Best would be to write something for that fine looking blonde. Yes, that would be at the top of my list.
 
hahaha she is pretty saucy
Thanks for all the feedback, but I totally agree that there isn't much of a story. I guess I should have been more clear about that. Right now I feel like the setup has legs to it, meaning that it could go a lot of different places. This incident is kind of the ground work. Where do you all see this story going?
 
This was really good. Right up to the point where you slapped us in the face with the huge color change (camera change) at 3:38. It ruined the whole effect. Also, put a different effect on the keyboard. The muted stuff on guitar at the beginning was good. Even at 1:11 the single note wah bend is okay. But then there is some sort of chord effect. Lose that it is not good. Check out this video and take notes on the guitar cause its the same as in your film. Other than these things, I really enjoyed it.

https://www.youtube.com/watch?v=vsOmvSlPuys&playnext=1&list=PL8518C91E9D7C422C&index=25
 
I was with you up until I realized she was actually doing what he paid her for... at that point, there was no reason for it for me as that needed explaining and had none... before that, when the prostitute was channeling his wife's (he seems too young) words, it had some poignancy as his conscience plagued him... I'd just about pursue it that way.

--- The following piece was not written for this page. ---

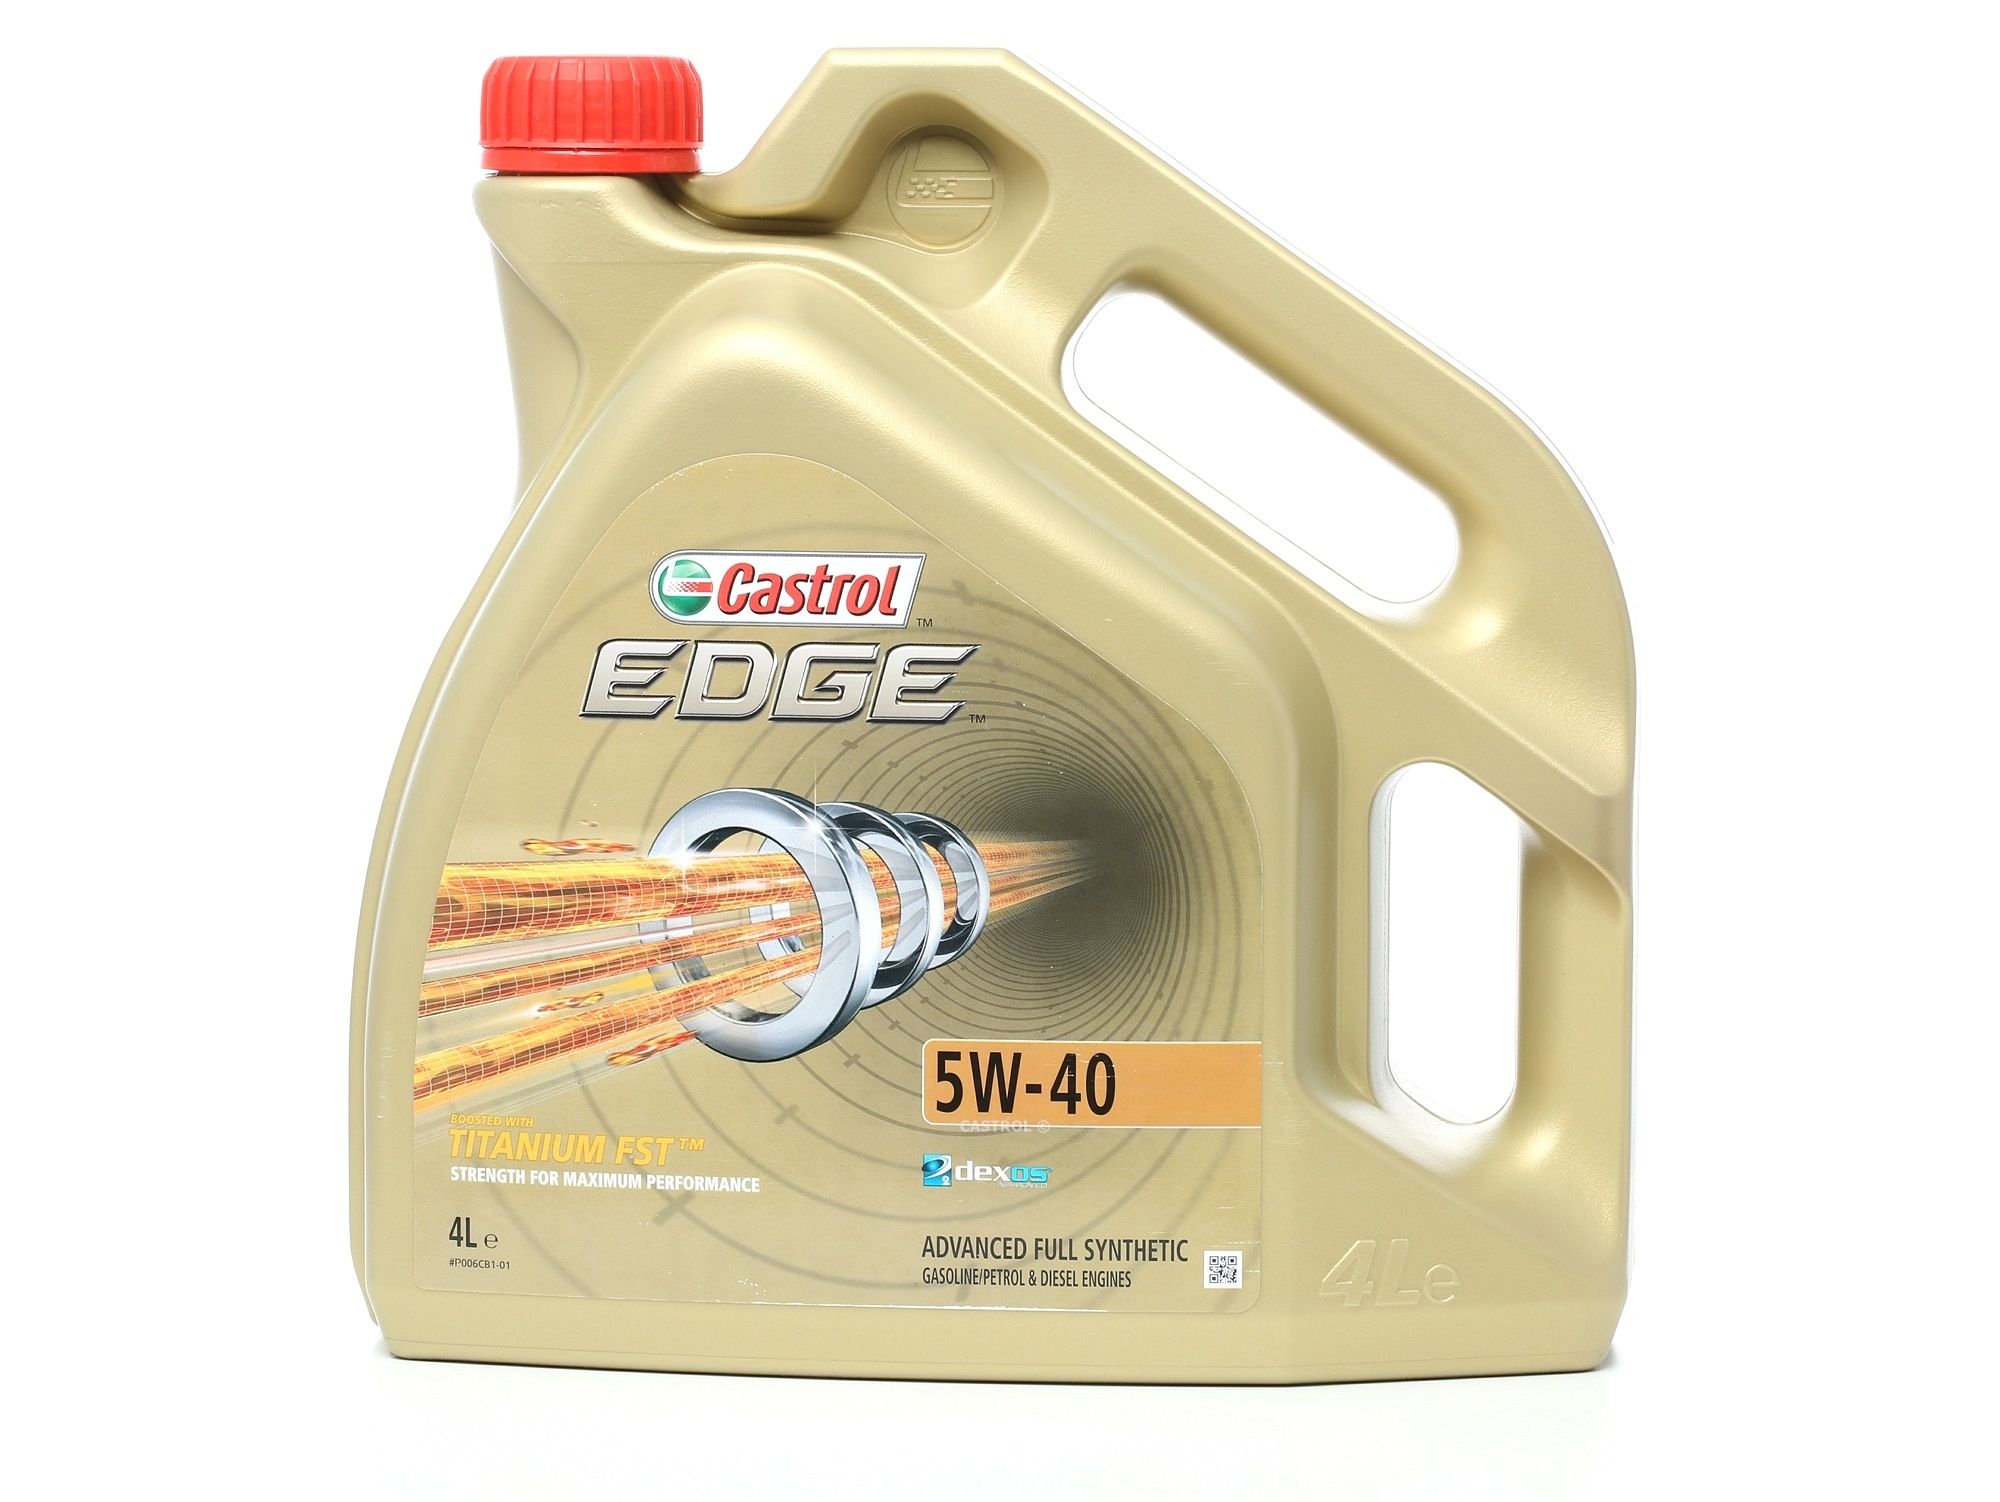 CASTROL EDGE 5W-40, 4L, Volledig synthetisch Olie 1535F3 koop goedkoop

Camera was decent, less (or more stable ) hand held, careful on the dolly shots, you were canted, but not enough to seem canted, just enough to seem poorly leveled.

Acting was devent, more takes and more direction could have gotten stronger performances.

Lighting outside needed a little work, interiors felt lit to me, which is what we try to avoid... motivate the light and create a mood that fits the scene, it was a bit too bright. Use gels to shift the color of the light to match the scene (perhaps red outside, rather than the un-white balanced look). The outside shots looked out of focus as well.

Set design, the candles were a good start, now decorate the rest of the room to match, including the bed... this is a brothel, which means a place of business specifically for one purpose... if not, get a seedy motel to shoot in.